Start of INFORMATION SUPPLIED
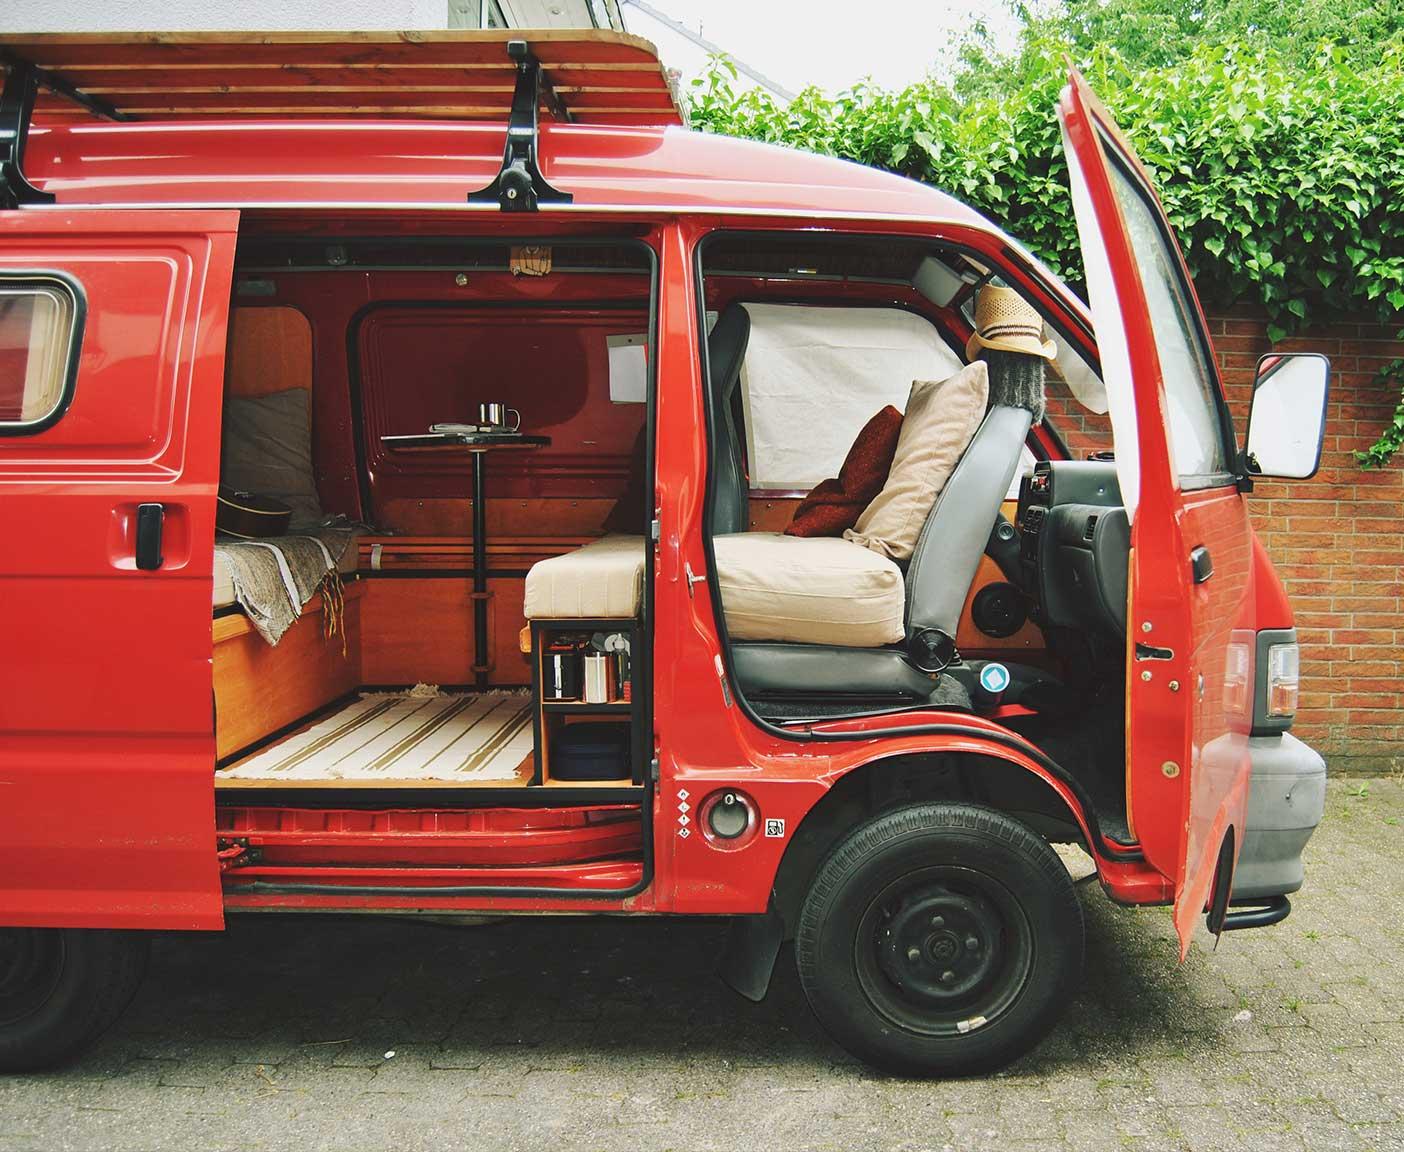 daihatsu-hijet-S85-wohnmobil-vanlife-selbstausbau-wohnmobil-ausbau-diy-camper-3
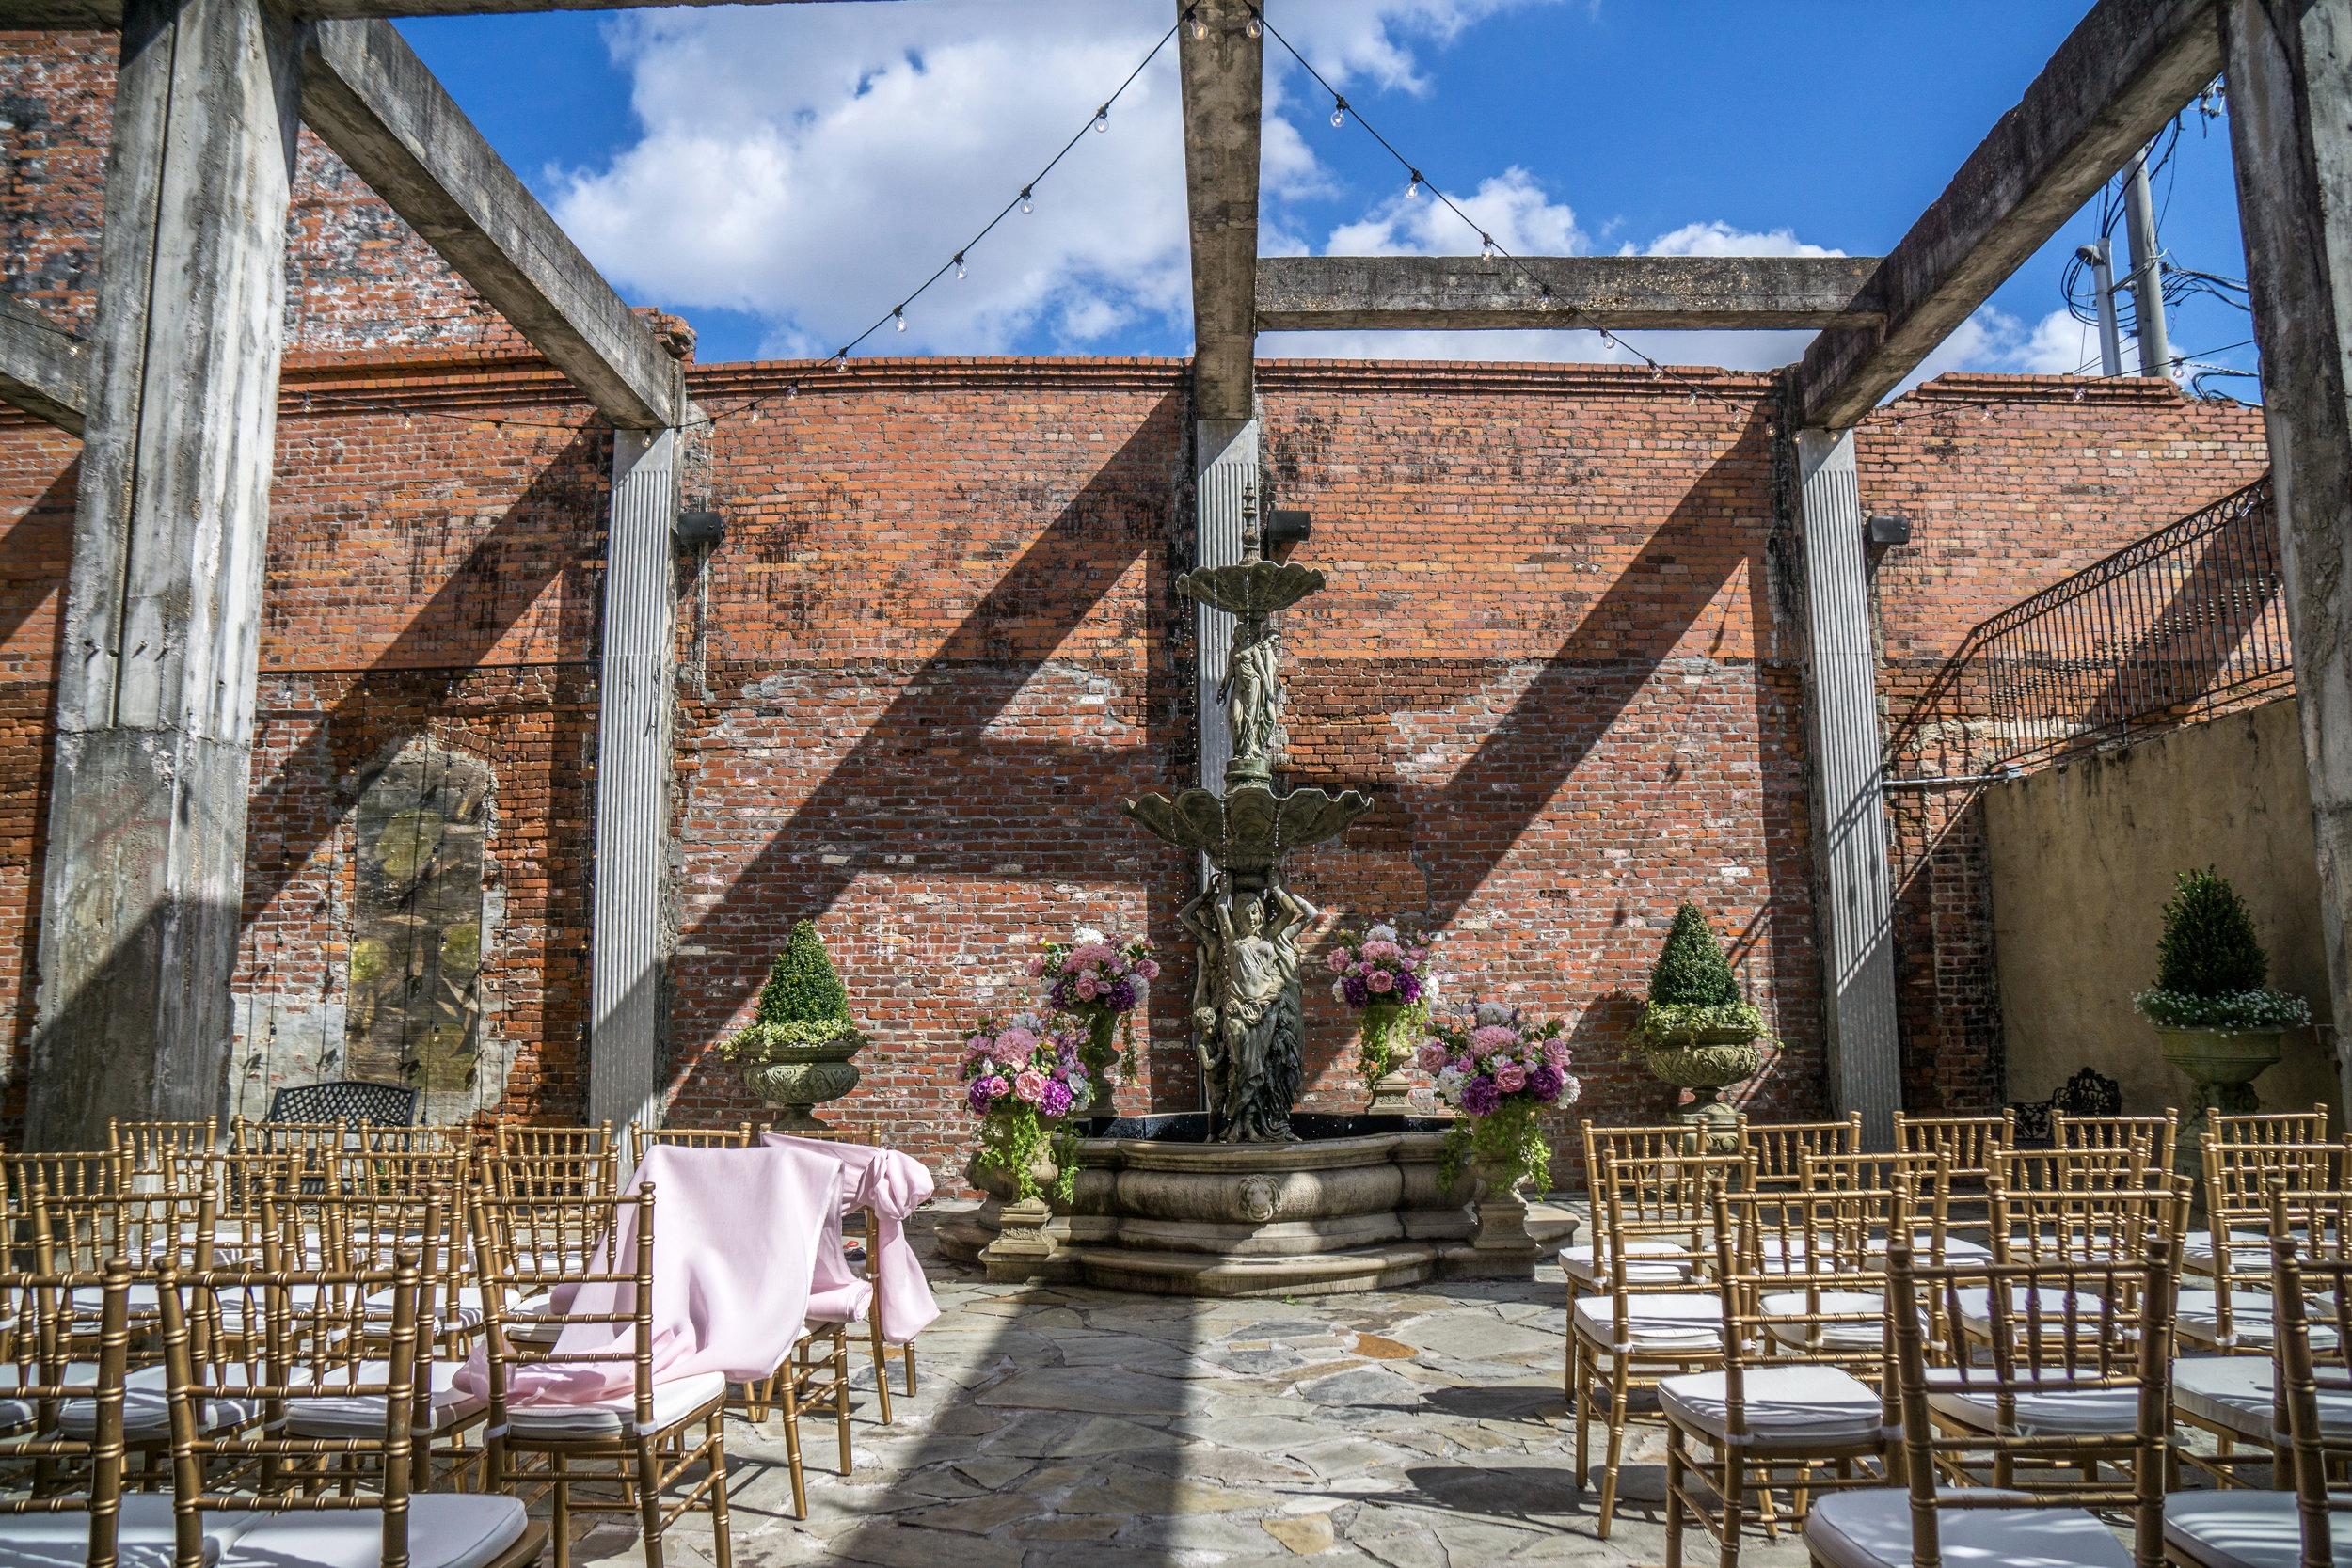 banquet_hall_wedding_venue_outside.jpg
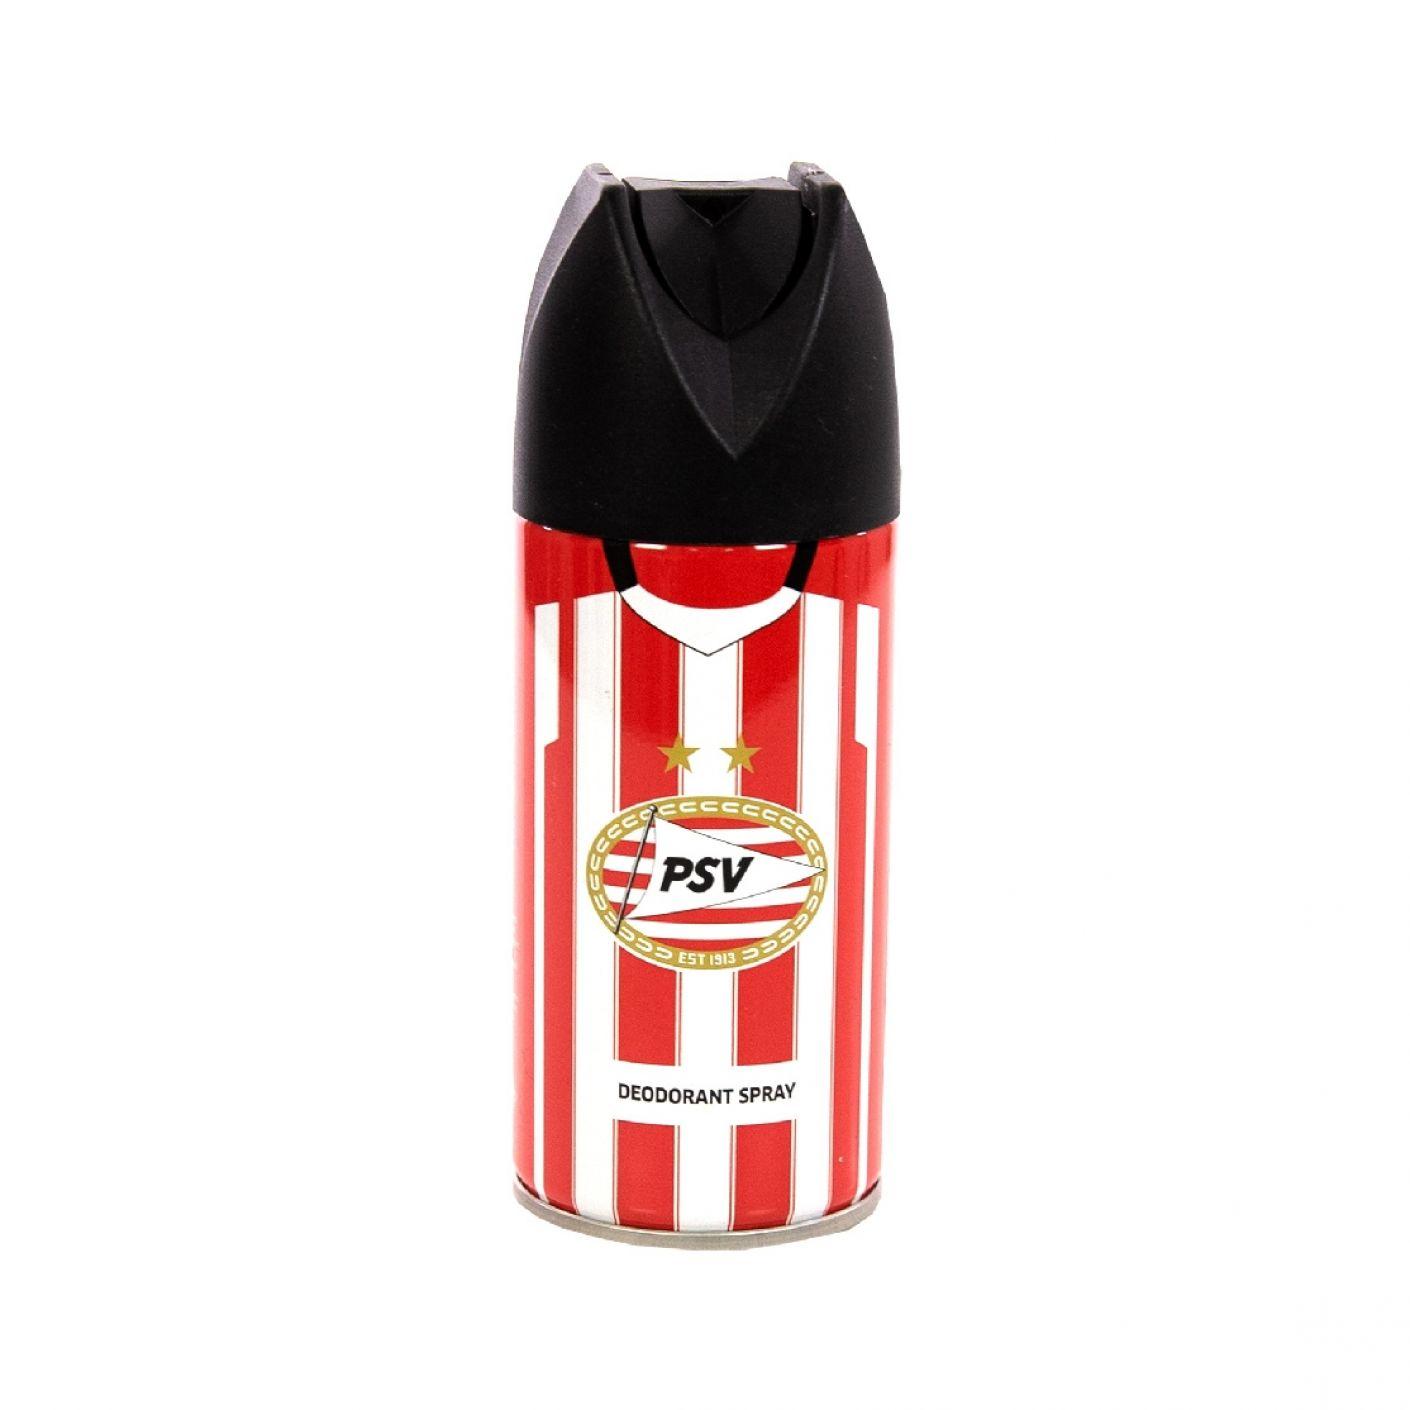 PSV Deodorant V-hals
End of INFORMATION SUPPLIED
TRY IT –
Would you return the material exactly, images excluded?

REPLY TO THE TASK –
 daihatsu-hijet-S85-wohnmobil-vanlife-selbstausbau-wohnmobil-ausbau-diy-camper-3
 banquet_hall_wedding_venue_outside.jpg
 PSV Deodorant V-hals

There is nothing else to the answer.